===== Source material =====

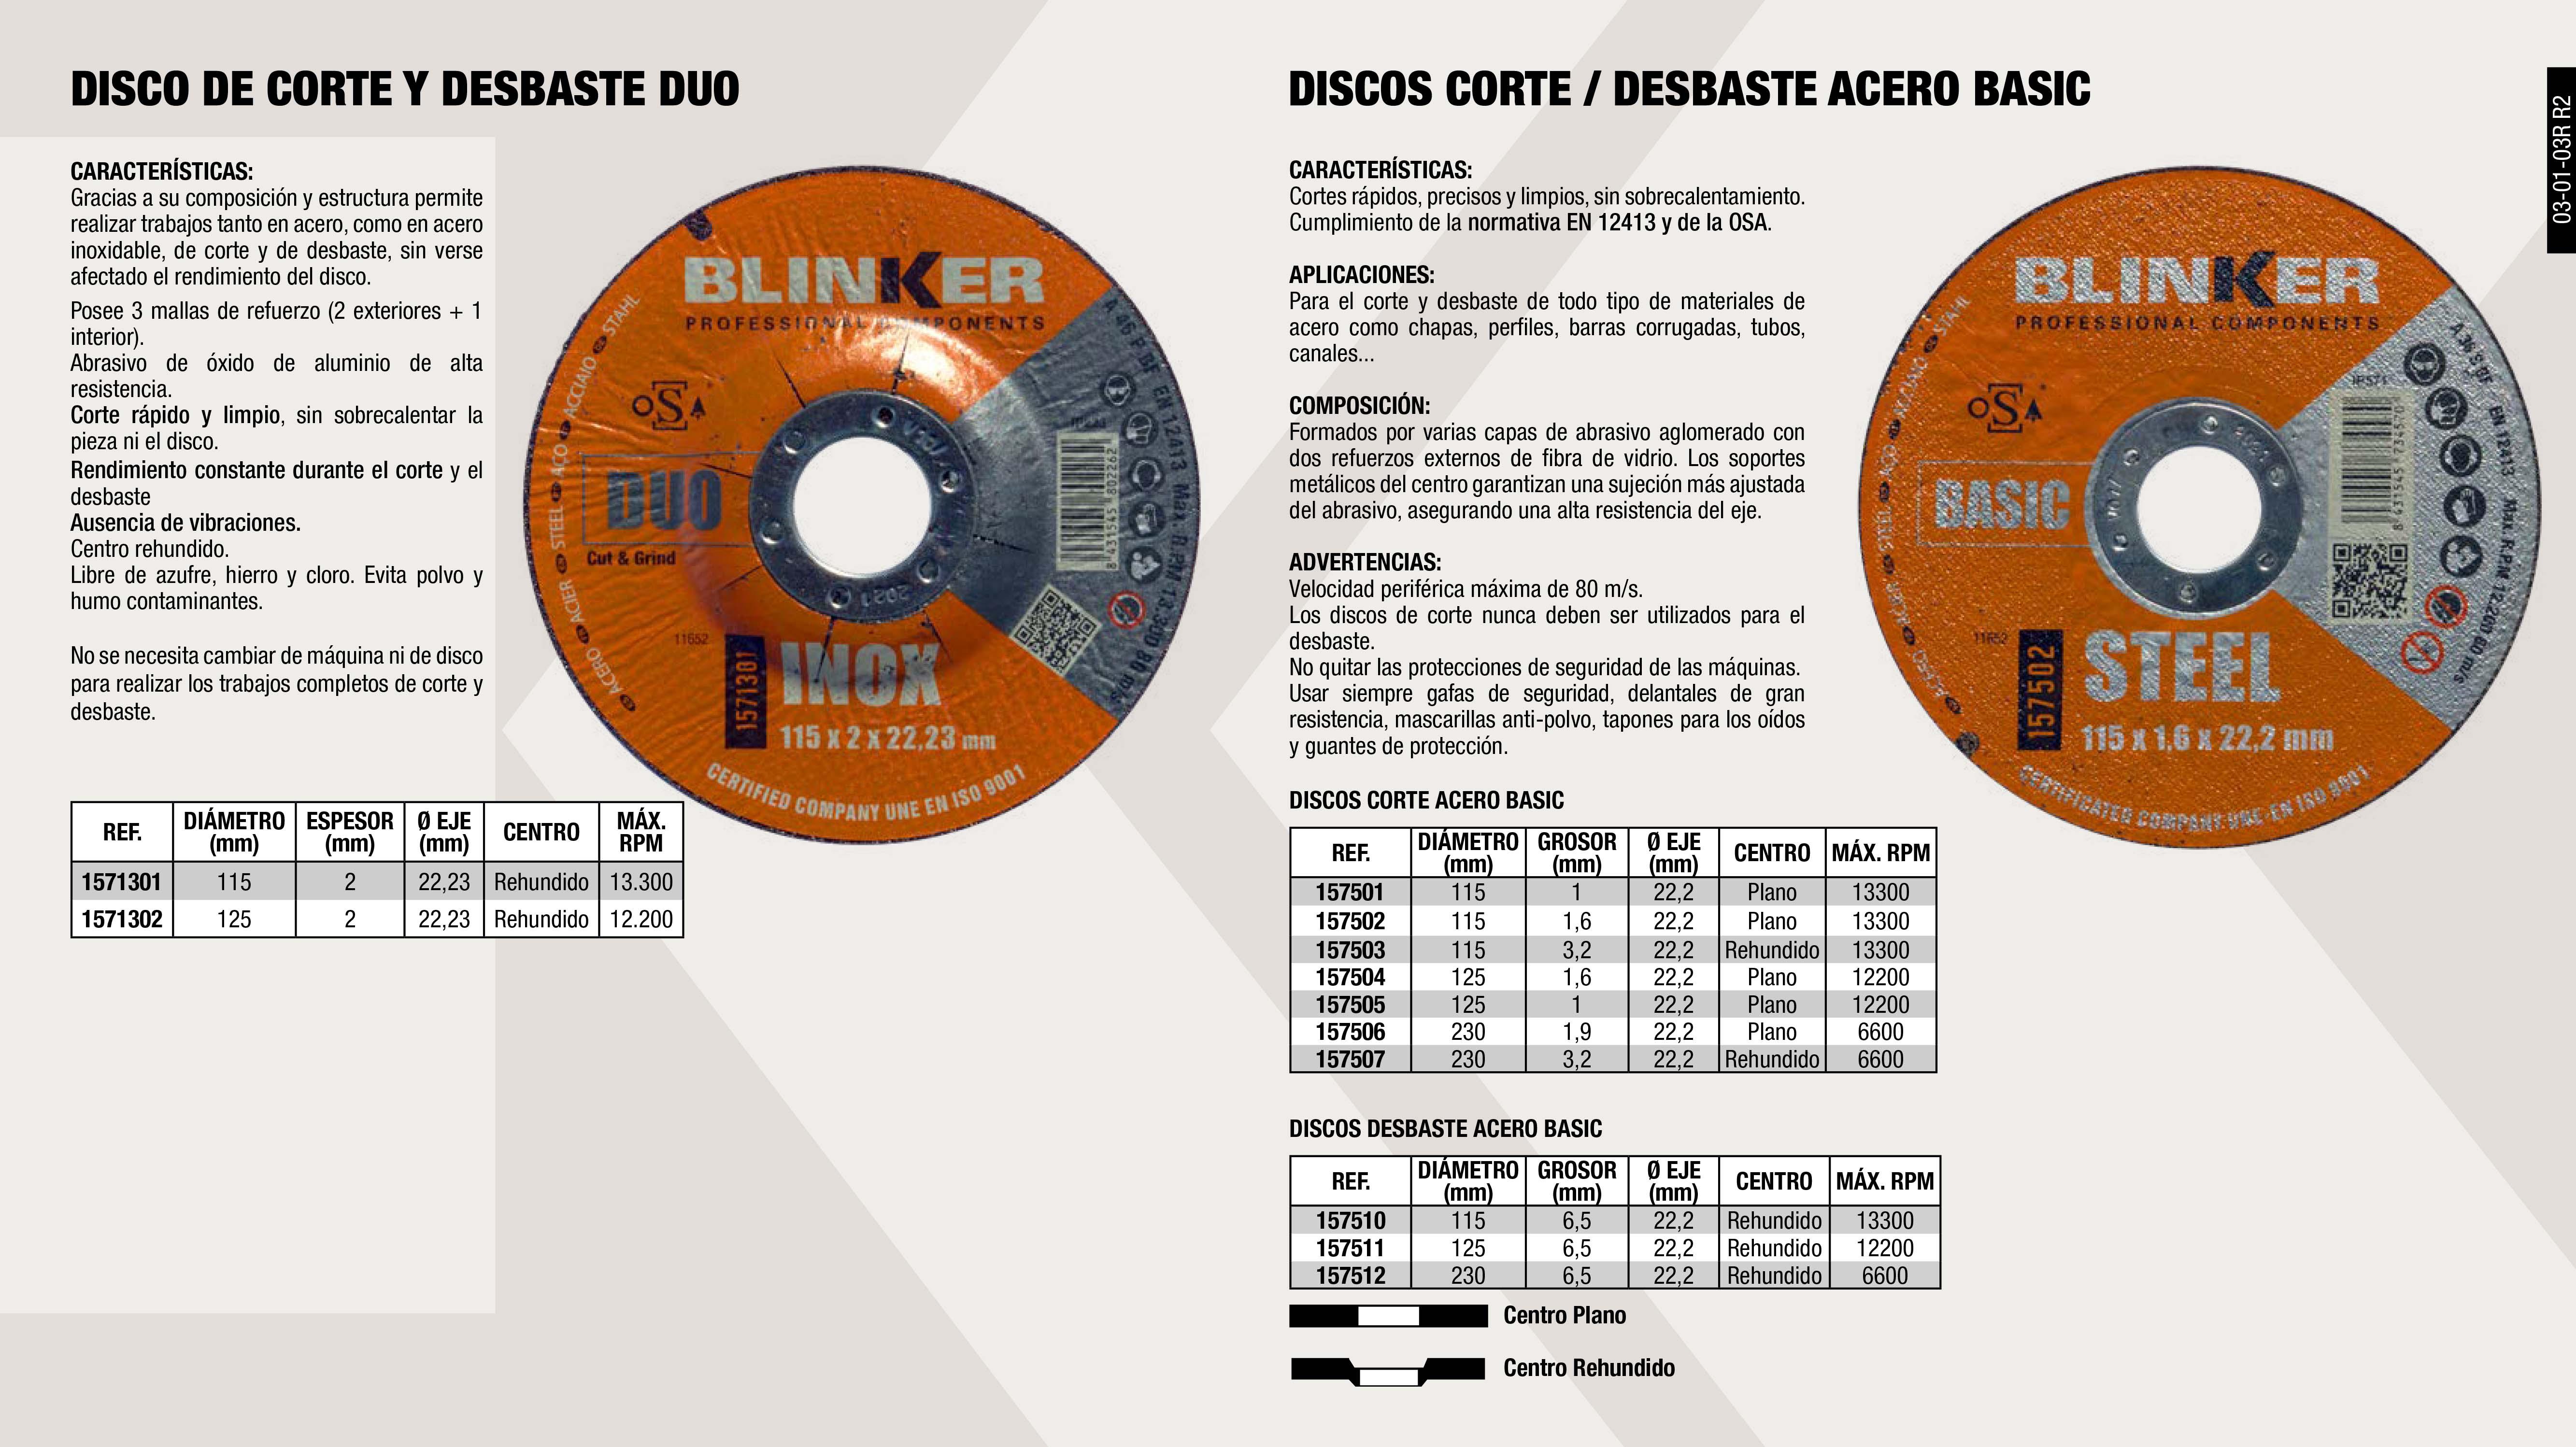 DISCO DUO ACERO/INOX 115X2X22,2                             ,  DISCO DESBASTE ACERO BASIC  125X6,5X22,2                    ,  DISCO CORTE ACERO BASIC 115X1.6X22.2                        ,  DISCO CORTE ACERO BASIC 230X1.9X22.2                        ,  DISCO CORTE ACERO BASIC 230X3.2X22.2                        ,  DISCO DESBASTE ACERO BASIC 230X6,5X22.2                     ,  DISCO DUO ACERO/INOX 125X2X22,2                             ,  DISCO CORTE ACERO BASIC 125X1.6X22.2                        ,  DISCO CORTE ACERO BASIC 125X1X22.2                          ,  DISCO CORTE ACERO BASIC 115X1X22.2                          ,  DISCO CORTE ACERO BASIC 115X3.2X22.2                        ,  DISCO DESBASTE ACERO BASIC 115X6.5X22.2                     ,
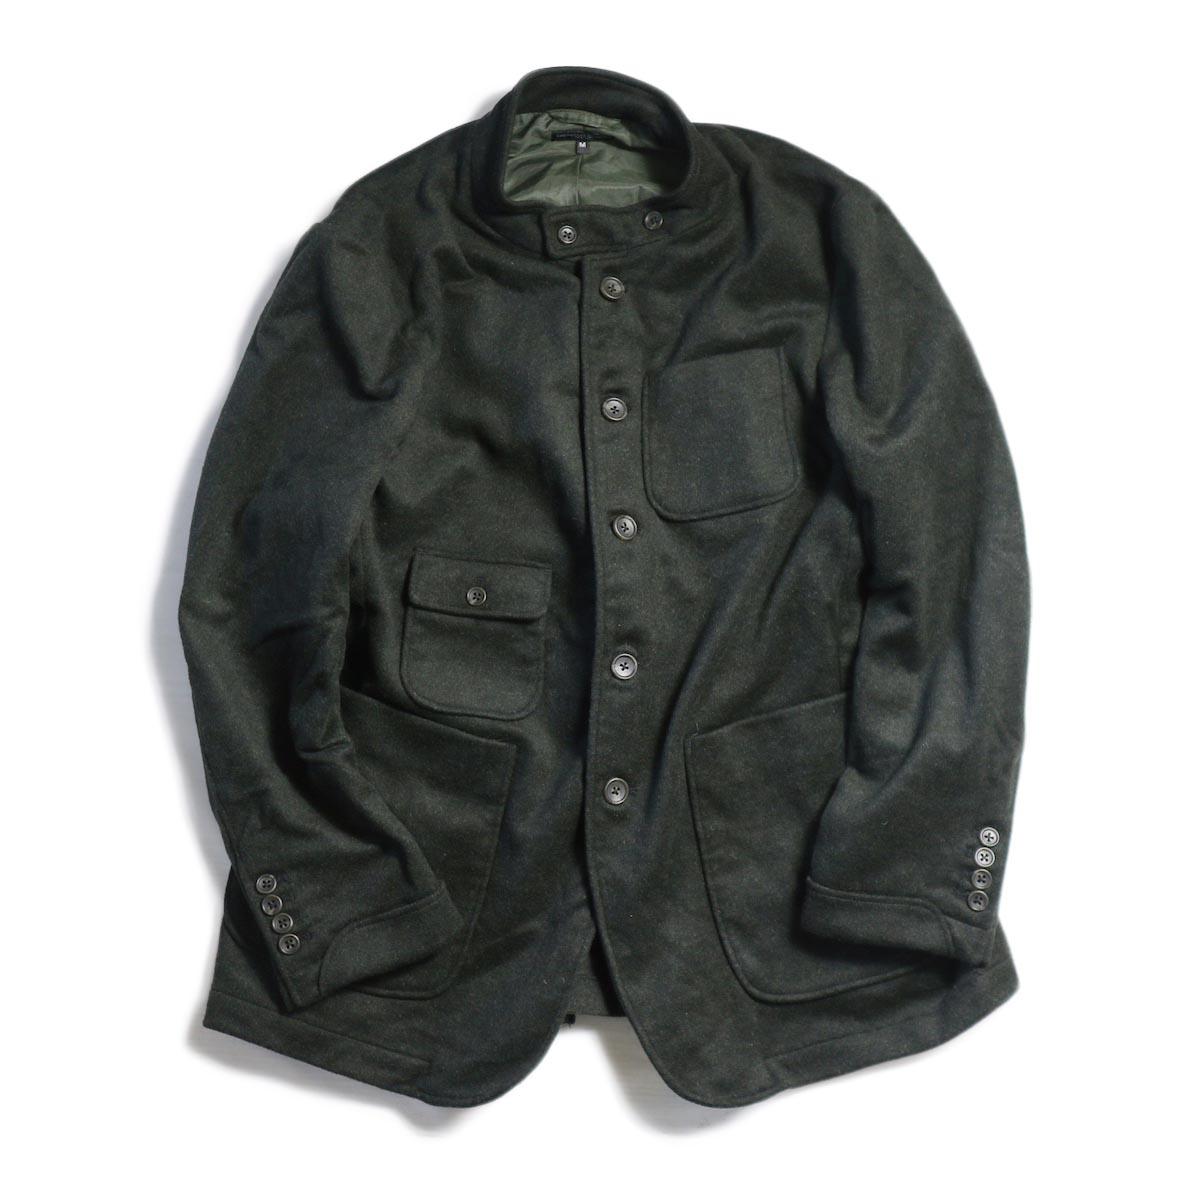 Engineered Garments / Grim Jacket -Wool Loden Cloth
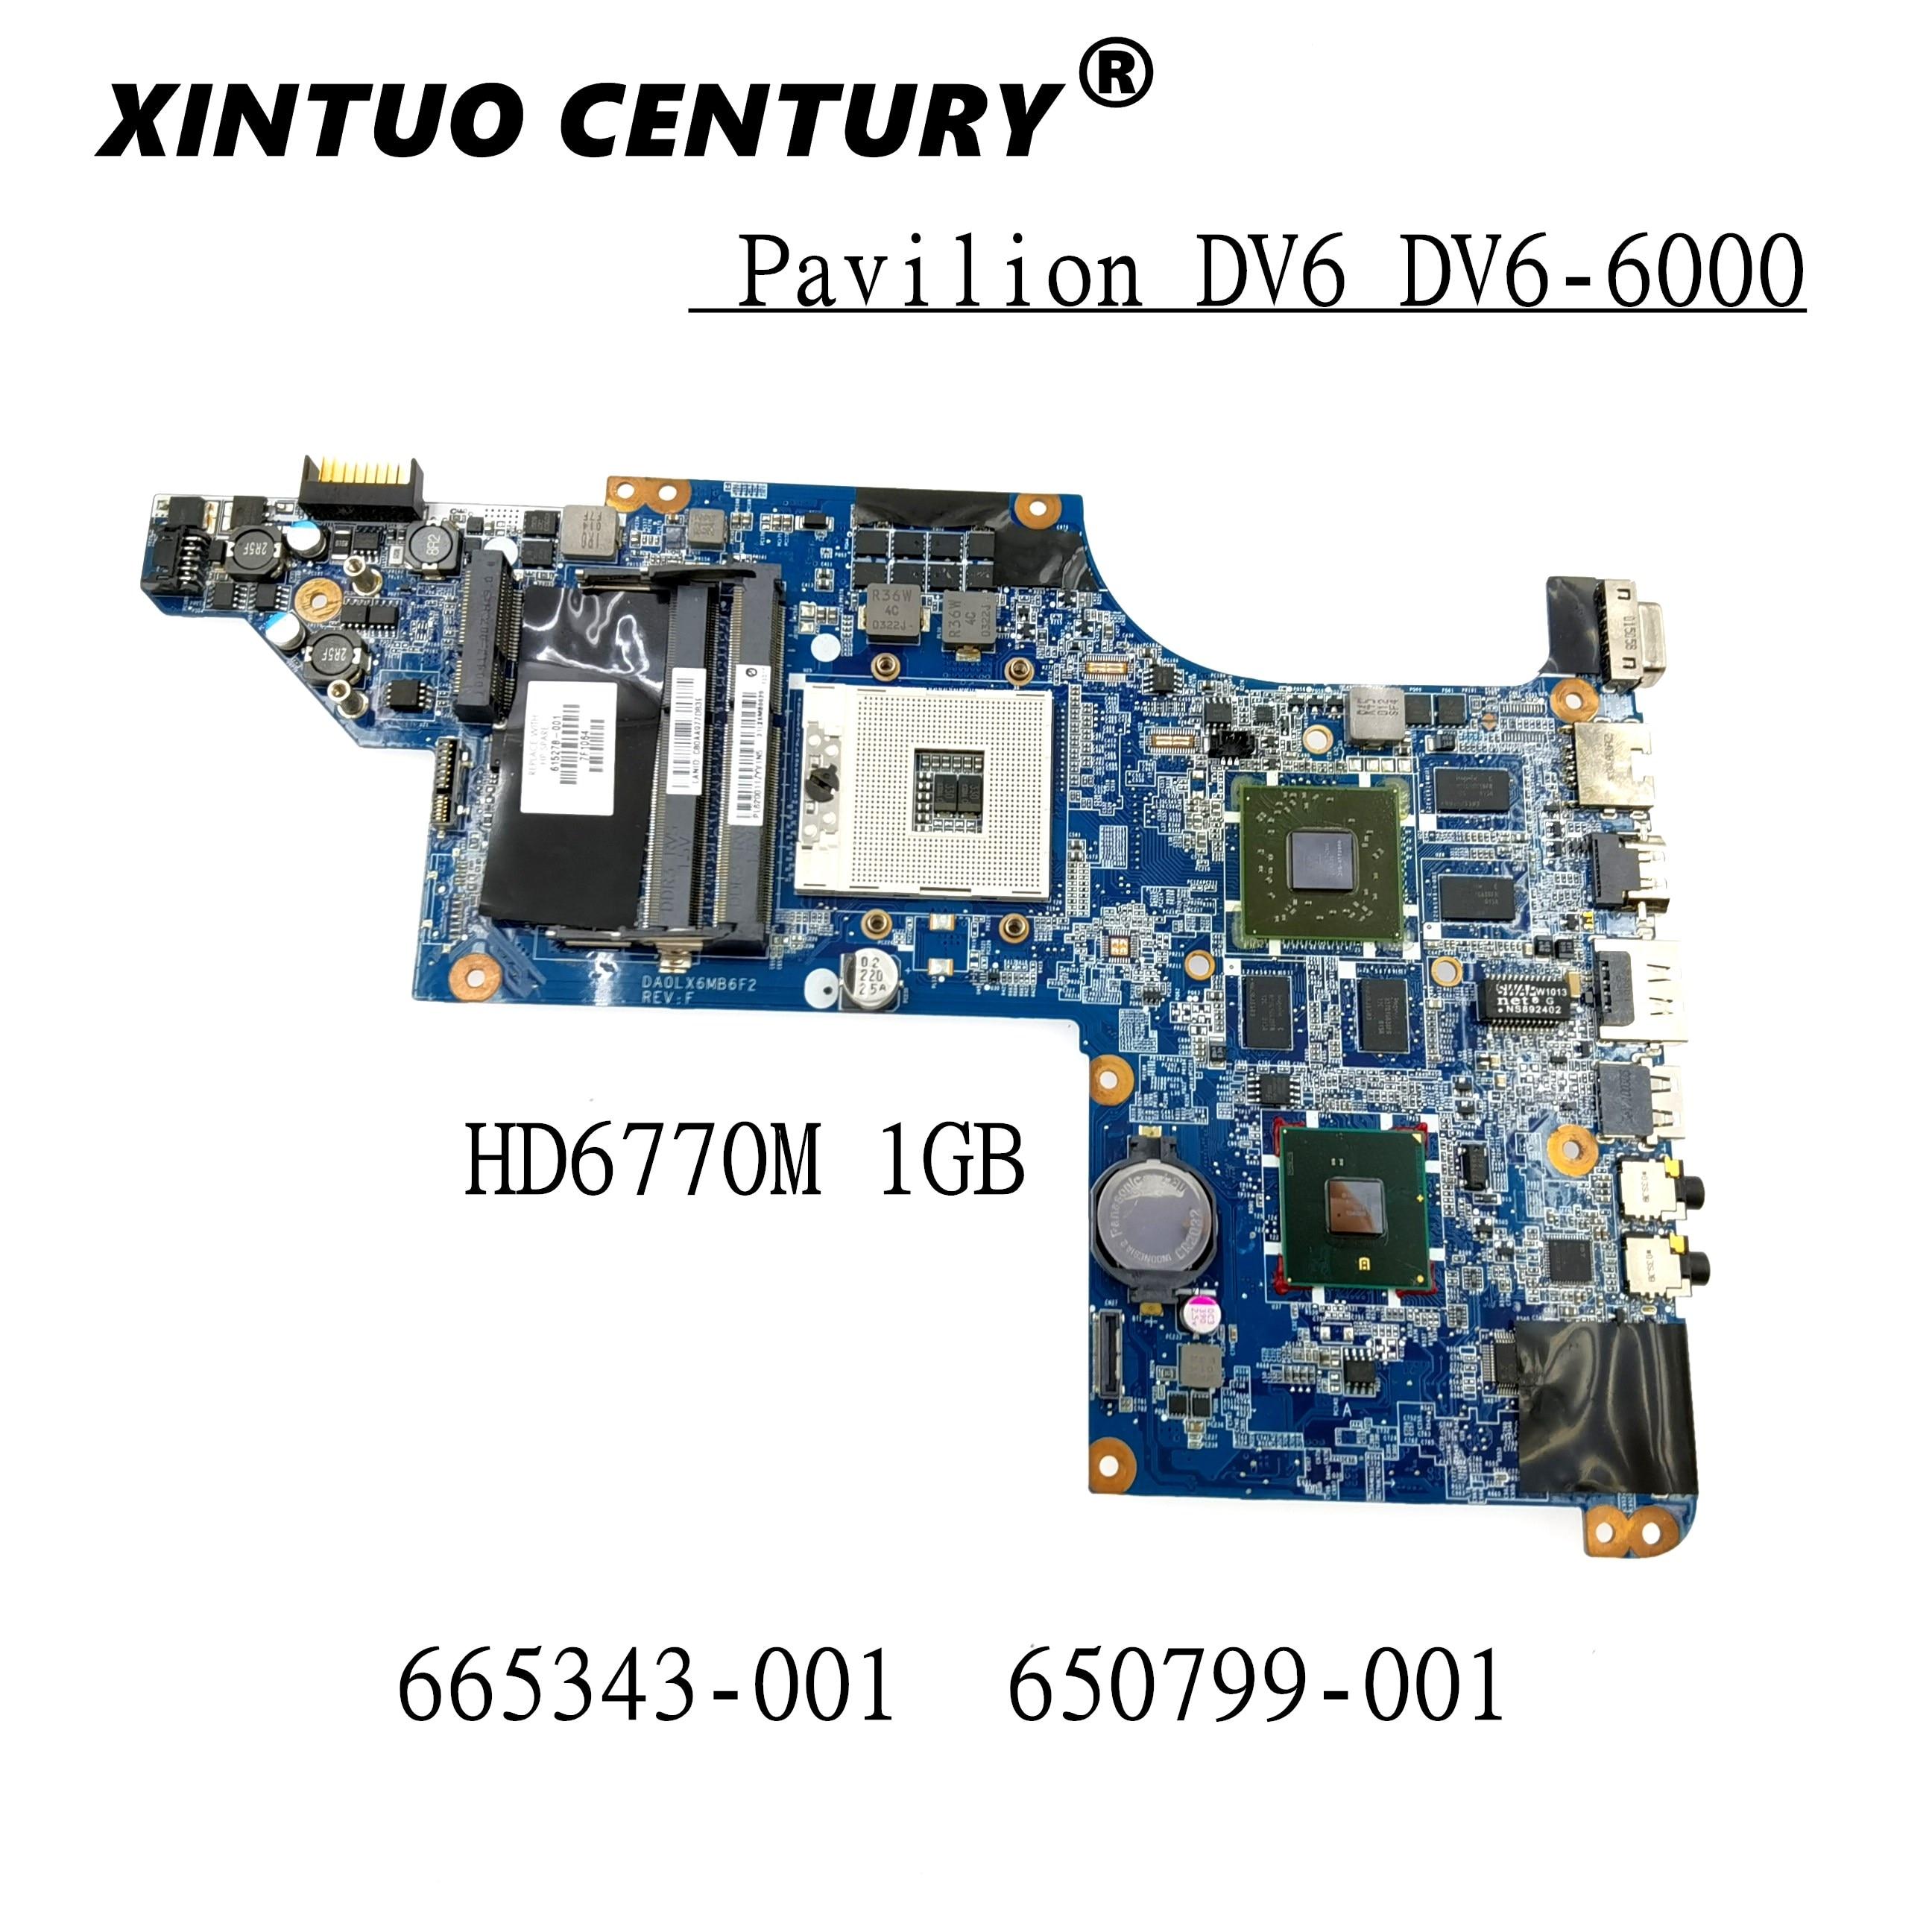 650799-001 665343-001 Tablero Principal para HP Pavilion DV6 DV6-6000 placa base de...

=====

Problem to solve:
Only the pictures are to be dropped; the rest of the material above must be duplicated exactly.

Answer below:
 DISCO DUO ACERO/INOX 115X2X22,2                             ,  DISCO DESBASTE ACERO BASIC  125X6,5X22,2                    ,  DISCO CORTE ACERO BASIC 115X1.6X22.2                        ,  DISCO CORTE ACERO BASIC 230X1.9X22.2                        ,  DISCO CORTE ACERO BASIC 230X3.2X22.2                        ,  DISCO DESBASTE ACERO BASIC 230X6,5X22.2                     ,  DISCO DUO ACERO/INOX 125X2X22,2                             ,  DISCO CORTE ACERO BASIC 125X1.6X22.2                        ,  DISCO CORTE ACERO BASIC 125X1X22.2                          ,  DISCO CORTE ACERO BASIC 115X1X22.2                          ,  DISCO CORTE ACERO BASIC 115X3.2X22.2                        ,  DISCO DESBASTE ACERO BASIC 115X6.5X22.2                     ,
 Engineered Garments / Grim Jacket -Wool Loden Cloth
 650799-001 665343-001 Tablero Principal para HP Pavilion DV6 DV6-6000 placa base de...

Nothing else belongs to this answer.